Guatemala Alotenango - Guacatepeque Small Producers
City, Full City, City+ with Stretched Drying, City+ with Stretched Development post 1st Crack, and one surprise
This coffee is a careful construction, built by blending some smaller batches together. Each batch was selected for what it gave to the whole and how it worked with the other coffees, the most important thing being the excellent preparation. This area against the Volcan De Fuego in Alotenango has a couple really important things that lend themselves to really sweet and balanced coffee, outside of the preparation itself. The volcanic soil is rich with organic inputs from the surrounding forest preserve for one, but that soil must be managed since there's also a high presence of volcanic ash. These farms have decent elevation for the area as well as excellent bourbon stock, and the forest preserve also protects the water supply which is vital.
The coffee cups as a very sweet forward offering. There's not a lot of fruited notes in this coffee outside of the sugary raisin-like dried fruit notes, but can show some crisp malic apple in the lighter roasts. The caramel, almond, cocoa and countless other sweet descriptors that come to mind when drinking this coffee though make it a really approachable and roastable offering, you can do a lot with this in the roaster and still have a coffee that almost anyone is going to be really happy with, and it also is an excellent component in an espresso but can stand on it's own in producing a sweet SO shot with a long finish.
This coffee was an early arrival, we had it available in early April. We were very excited to have such a fresh sweet offering from Central America up this early, it was a priority for us this year. We recently put this coffee up in one of our regular blind cuppings and were pleased to find that it had actually bumped up a little score wise. There were some grape like tartaric notes in the cup, as well as an abundance of caramel, cocoa and spice. The excellent preparation on the coffees that went into this lot really shows here in the way this coffee has settle since arrival and how the sweetness has even grown a bit since we first launched it.
This had a really bright dry fragrance, crisp malic apple but also a good deal of citric acidity too that showed even more livelier in the wet aroma and break. All the sweetness is there right away even in the hot cup. The mouthfeel is pretty wet and open, not thin but not quite juicy either. The crispness of the malic apple really accentuates this mouthfeel with how it punctuates the finish. This is the brightest cup, not quite the sweetest, but this performed really well in a V60 brew, really light and sweet, and made an excellent iced coffee using the half water half ice for the water volume method.
Sweet toasted malts on the dry fragrance and aroma, and with that toastiness there's a deep deep honey raisin sweetness in the wet aroma and break especially.
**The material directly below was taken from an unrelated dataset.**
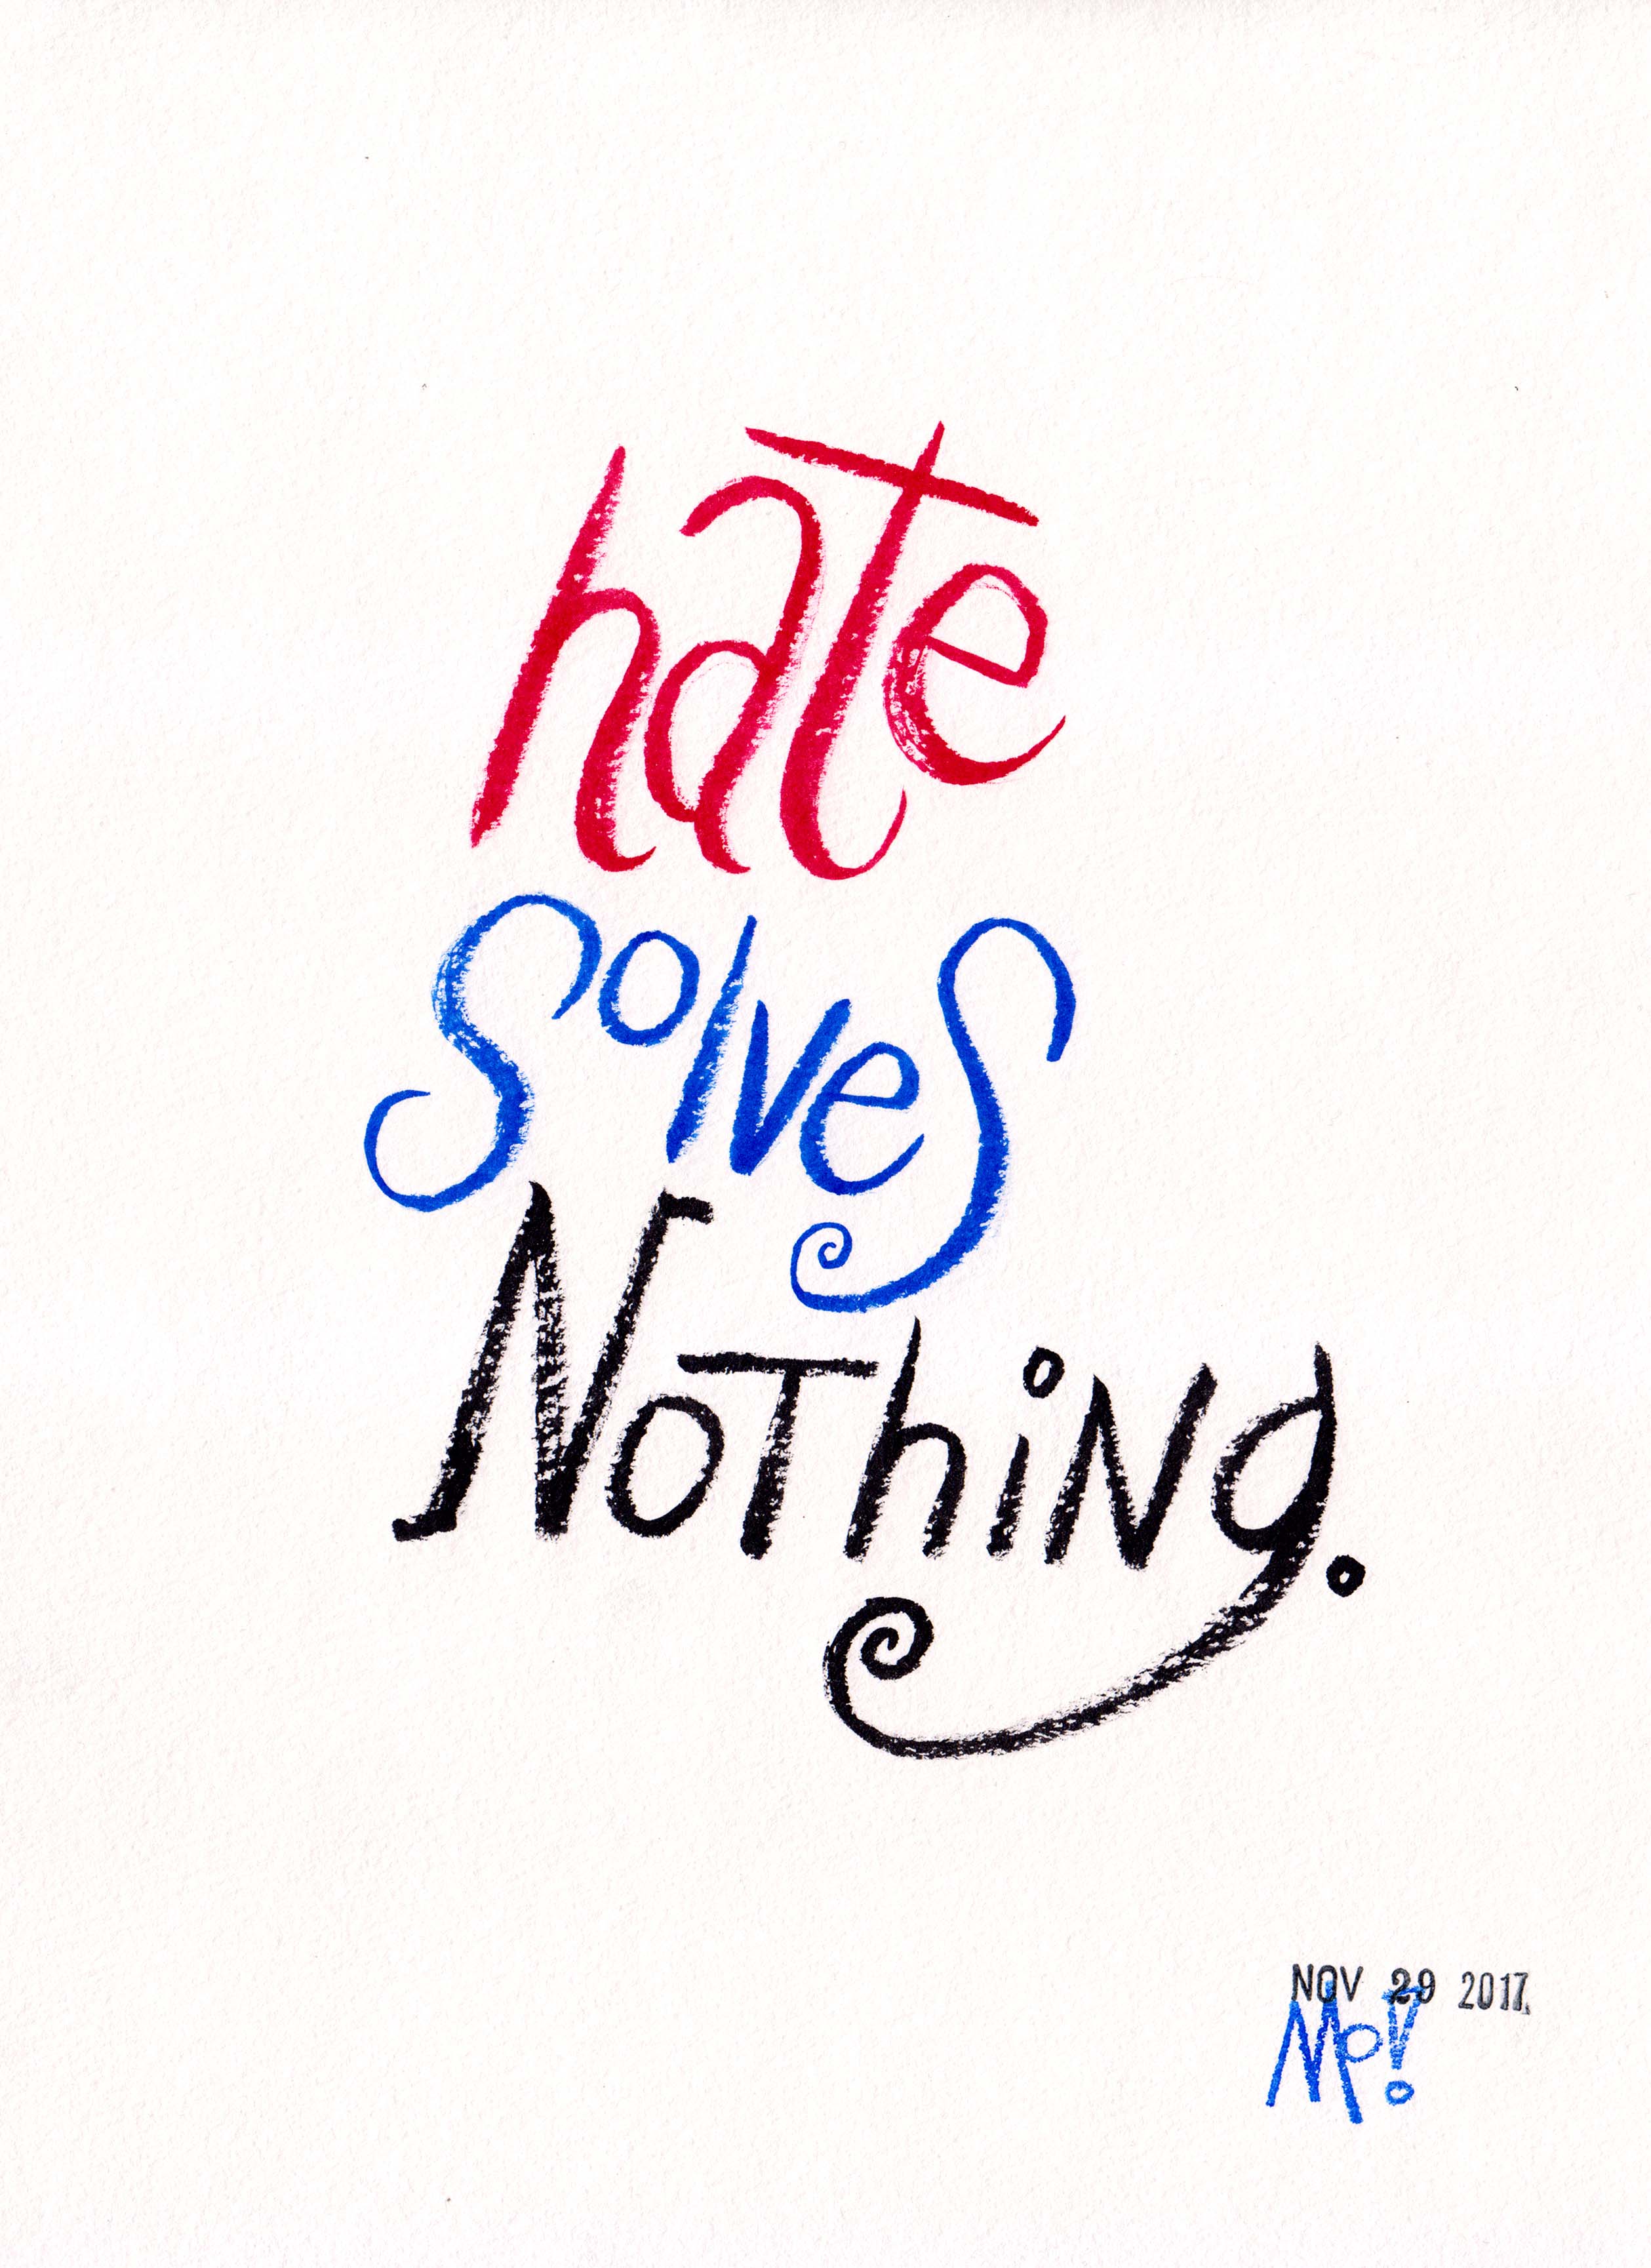 Hate Solves Nothing.

There's a long syrupy finish, toasted caramel in the front end of the cup, and some of that honey raisin, but this roast is much more caramel and cocoa sweet than fruited. This make a great press pot brew, and I had some excellent clever brews of it as well, those classic crowd-pleaser cocoa notes all throughout it.
City+, with stretched drying
This roast had the deep raisiny sweetness as well as some fuji apple on the dry fragrance. It wasn't as brilliant as the City roast, but there was still that brightness and with a deeper sweetness. The mouthfeel in this cup was juicy to syrupy, and very candy sweet. The fuji apple was present, but also some black cherry, and a syrupy cola-like flavor in the finish. Cherry Coke! This was my favorite roast, the sweetest for sure, though I could see crisp brightness of the City roast winning folks over this one, as it did Dan who mentioned pear sweetness, but got a little more toasted maltiness off of this coffee as well. I felt like this was the most versatile roast service wise and would do something similar with maybe a little more color on it for an SO espresso.
City+, with stretched development
I mostly did this roast to reiterate a point about when it's best to stretch a roast for a positive result. As I figured, the dry fragrance on this roast was almost completely flat with just a bit of malted sweetness. I really added not a whole lot of time in this stretch, the same amount of time which I stretched the drying stage out for, just at a different point, a little over 45 seconds. There was very little to no acidity, and the body was flat and flabby. The most significant difference though is that there was just not a lot of sweetness, it wasn't devoid of sweetness, but the shapelessness of the cup, formlessness, just really left everything pretty flat and malty.
Surprise Secret Roast
I threw this roast on the table to try to shake things up as well as perhaps gain some perspective on the other roasts. This roast was identical to the City roast, the difference was that it was the Burundi Teka (http://coffeeshrub.com/shrub/coffee/burundi-teka). I really like to put these African bourbons blindly on the table with Central American bourbons to see how they differ or if they stand out. You do see some similarities here, but the coffee definitely did stand out on the table. Rich syrupy pear and tartaric white grape notes in a brilliant cup. This coffee is cupping amazingly and we actually had it a couple different times in a couple different roasts on some blind cupping tables with it scoring exceptionally and just tasting so crisp and lively. This coffee has some serious legs. The one similarity to the Alotenango was the spice laced throughout the cup that gave some complexity to the cup.